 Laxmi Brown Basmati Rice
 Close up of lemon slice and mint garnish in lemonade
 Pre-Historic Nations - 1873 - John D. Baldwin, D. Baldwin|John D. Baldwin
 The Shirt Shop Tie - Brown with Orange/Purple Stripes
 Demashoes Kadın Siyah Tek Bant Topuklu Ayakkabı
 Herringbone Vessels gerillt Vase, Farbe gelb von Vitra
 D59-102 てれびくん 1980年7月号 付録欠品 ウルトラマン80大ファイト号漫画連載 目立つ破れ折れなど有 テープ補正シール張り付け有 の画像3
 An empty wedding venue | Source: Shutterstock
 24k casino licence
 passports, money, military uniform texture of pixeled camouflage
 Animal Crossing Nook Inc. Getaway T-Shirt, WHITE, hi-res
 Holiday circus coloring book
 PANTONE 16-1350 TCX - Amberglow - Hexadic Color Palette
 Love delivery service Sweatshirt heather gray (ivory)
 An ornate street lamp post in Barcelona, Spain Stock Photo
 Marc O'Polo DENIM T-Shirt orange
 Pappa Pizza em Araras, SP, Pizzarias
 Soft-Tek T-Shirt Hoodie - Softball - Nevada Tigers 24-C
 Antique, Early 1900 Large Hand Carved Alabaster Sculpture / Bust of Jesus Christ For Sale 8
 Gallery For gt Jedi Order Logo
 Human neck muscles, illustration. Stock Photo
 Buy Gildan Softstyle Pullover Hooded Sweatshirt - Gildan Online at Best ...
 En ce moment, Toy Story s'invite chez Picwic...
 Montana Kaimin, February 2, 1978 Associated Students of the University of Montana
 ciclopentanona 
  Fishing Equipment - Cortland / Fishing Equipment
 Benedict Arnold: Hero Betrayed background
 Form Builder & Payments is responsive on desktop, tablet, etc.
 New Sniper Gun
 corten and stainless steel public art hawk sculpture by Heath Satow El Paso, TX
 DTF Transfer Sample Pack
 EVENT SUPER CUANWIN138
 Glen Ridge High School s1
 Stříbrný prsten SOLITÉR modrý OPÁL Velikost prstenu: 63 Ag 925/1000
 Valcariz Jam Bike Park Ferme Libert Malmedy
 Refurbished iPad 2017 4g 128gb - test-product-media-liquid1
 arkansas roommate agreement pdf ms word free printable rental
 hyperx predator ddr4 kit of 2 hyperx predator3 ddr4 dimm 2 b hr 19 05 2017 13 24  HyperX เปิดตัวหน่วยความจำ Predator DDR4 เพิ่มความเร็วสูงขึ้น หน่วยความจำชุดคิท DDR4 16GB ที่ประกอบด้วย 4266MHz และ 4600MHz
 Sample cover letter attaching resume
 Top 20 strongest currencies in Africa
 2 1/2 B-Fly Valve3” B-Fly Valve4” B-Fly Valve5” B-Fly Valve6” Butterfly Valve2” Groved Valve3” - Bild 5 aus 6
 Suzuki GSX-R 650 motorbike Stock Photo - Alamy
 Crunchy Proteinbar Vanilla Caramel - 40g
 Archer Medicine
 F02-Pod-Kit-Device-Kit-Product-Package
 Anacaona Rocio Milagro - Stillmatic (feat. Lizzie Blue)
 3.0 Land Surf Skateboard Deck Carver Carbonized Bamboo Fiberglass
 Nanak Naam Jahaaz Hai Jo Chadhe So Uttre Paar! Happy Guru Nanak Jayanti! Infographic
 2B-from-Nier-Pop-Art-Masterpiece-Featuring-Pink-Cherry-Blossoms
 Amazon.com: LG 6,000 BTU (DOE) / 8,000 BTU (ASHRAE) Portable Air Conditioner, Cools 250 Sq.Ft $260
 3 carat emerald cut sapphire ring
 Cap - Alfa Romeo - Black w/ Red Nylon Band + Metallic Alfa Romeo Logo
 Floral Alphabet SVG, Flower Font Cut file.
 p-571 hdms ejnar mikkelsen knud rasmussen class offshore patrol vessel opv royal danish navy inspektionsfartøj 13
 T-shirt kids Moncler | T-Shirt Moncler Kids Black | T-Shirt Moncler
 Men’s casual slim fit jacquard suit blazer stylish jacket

-*-

▸ **What is needed**: Exactly how many lines in the material above mention the word "Black"? Give the number and nothing besides.

▸ **Solution to this exercise**: 2